In contrast to Ras small GTPases, which contribute to human malignancy when overexpressed or constitutively activated, convincing evidence for the involvement of Ras homologous (Rho) GTPases in human cancer is still missing. In cell culture and animal models, RhoB antagonizes malignant transformation, but no data are available regarding the expression of RhoB in human tumors. In this study, we have analyzed the status of the RhoB protein and the closely related family member RhoA in human head and neck squamous cell carcinomas.

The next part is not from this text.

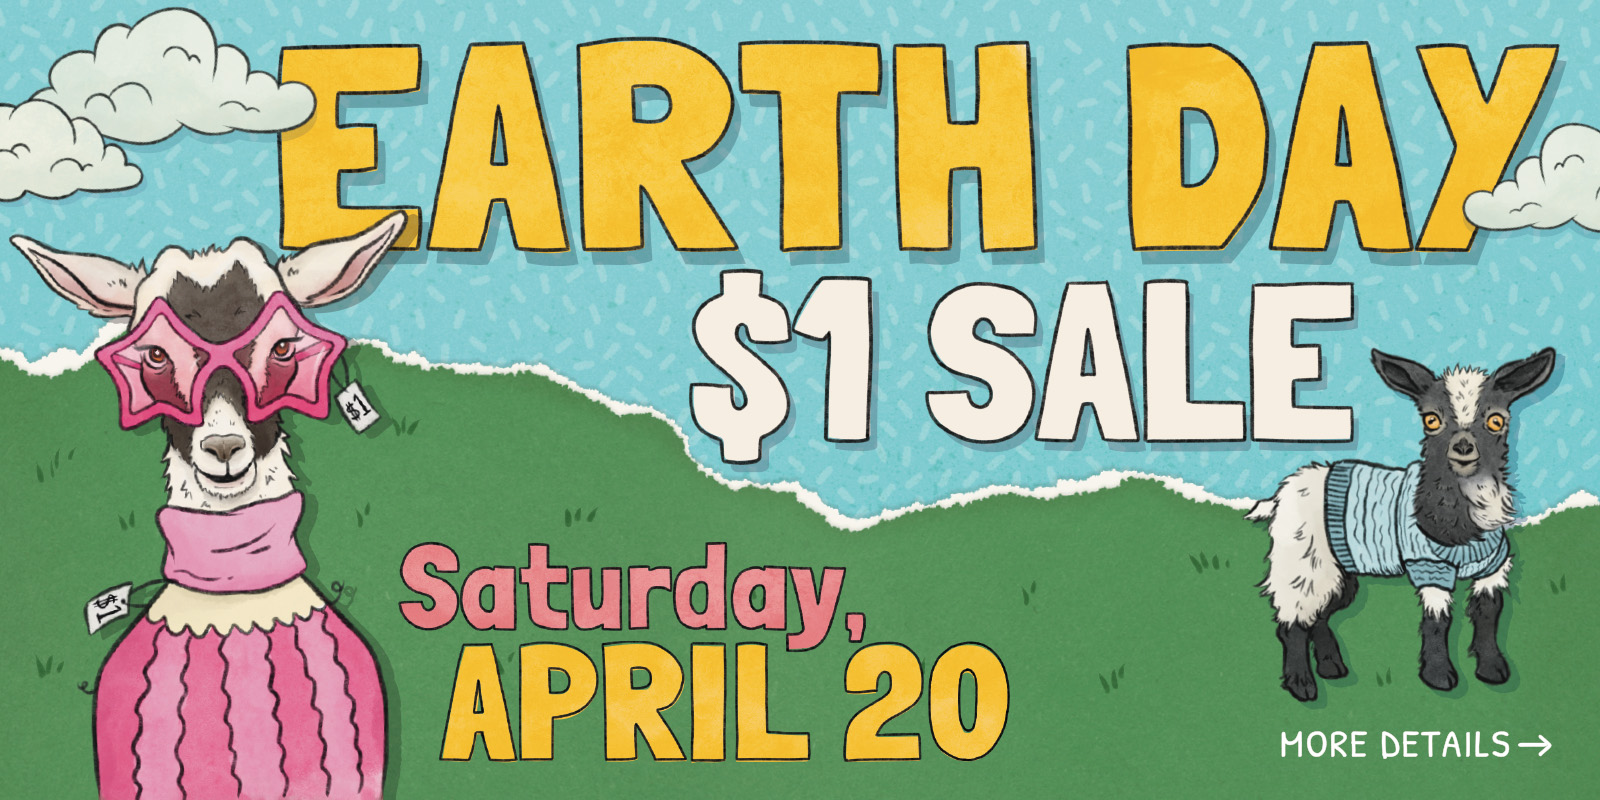 Reads Earth Day $1 Sale Saturday, April 20 More Details on backdrop of illustrated grass, sky and goats
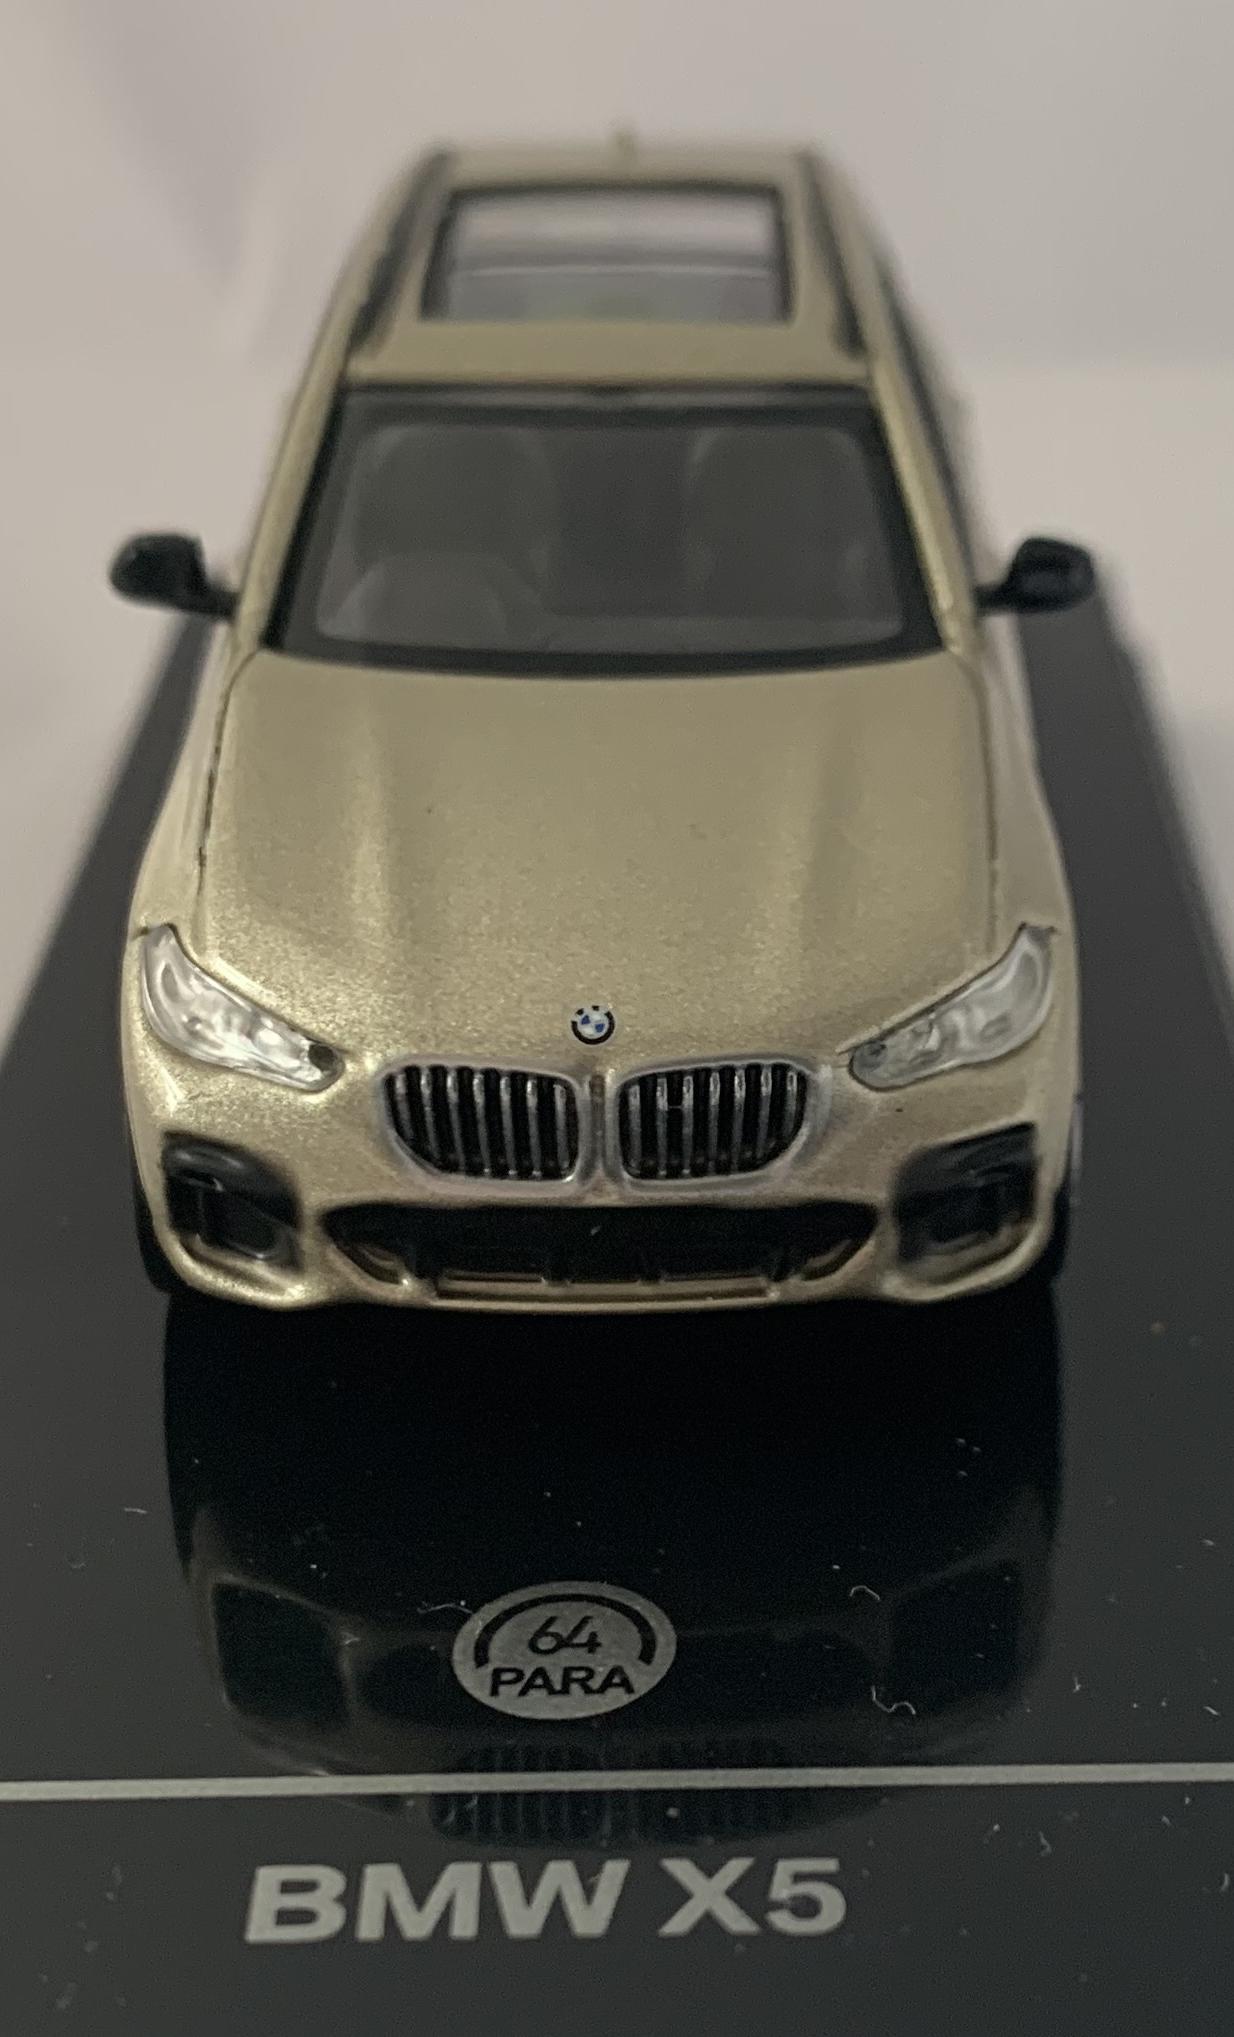 BMW X5 (G05) 2018 in sunstone metallic 1:64 scale model from Paragon Models

Protein immunoexpression was quantitated by image analysis in the context of tumor invasion and differentiation. To account for possible individual variations, expression levels of RhoB and RhoA were evaluated in the tumor and its adjacent nonneoplastic tissue. Potential gene deletions or mutations were assessed by PCR and RT-PCR.

RhoB expression is readily detected in normal epithelium, carcinomas in situ, and well-differentiated tumors, but it becomes weak to undetectable as tumors become deeply invasive and poorly differentiated. In contrast, Ki67 (proliferation marker) and RhoA protein levels increase with tumor progression. Furthermore, whereas in nonneoplastic keratinocytes RhoB is localized mainly in the nucleus, in carcinomas RhoB is predominantly located in the cytoplasm. RhoB gene deletions or mutations were not found.

These results give additional support to the notion that RhoB may play a tumor suppressive role in squamous cell carcinomas of the head and neck. The lack of RhoB expression in deeply invasive carcinoma argues against inhibition of RhoB farnesylation as a mediator of farnesyltransferase inhibitors' antitumor activity.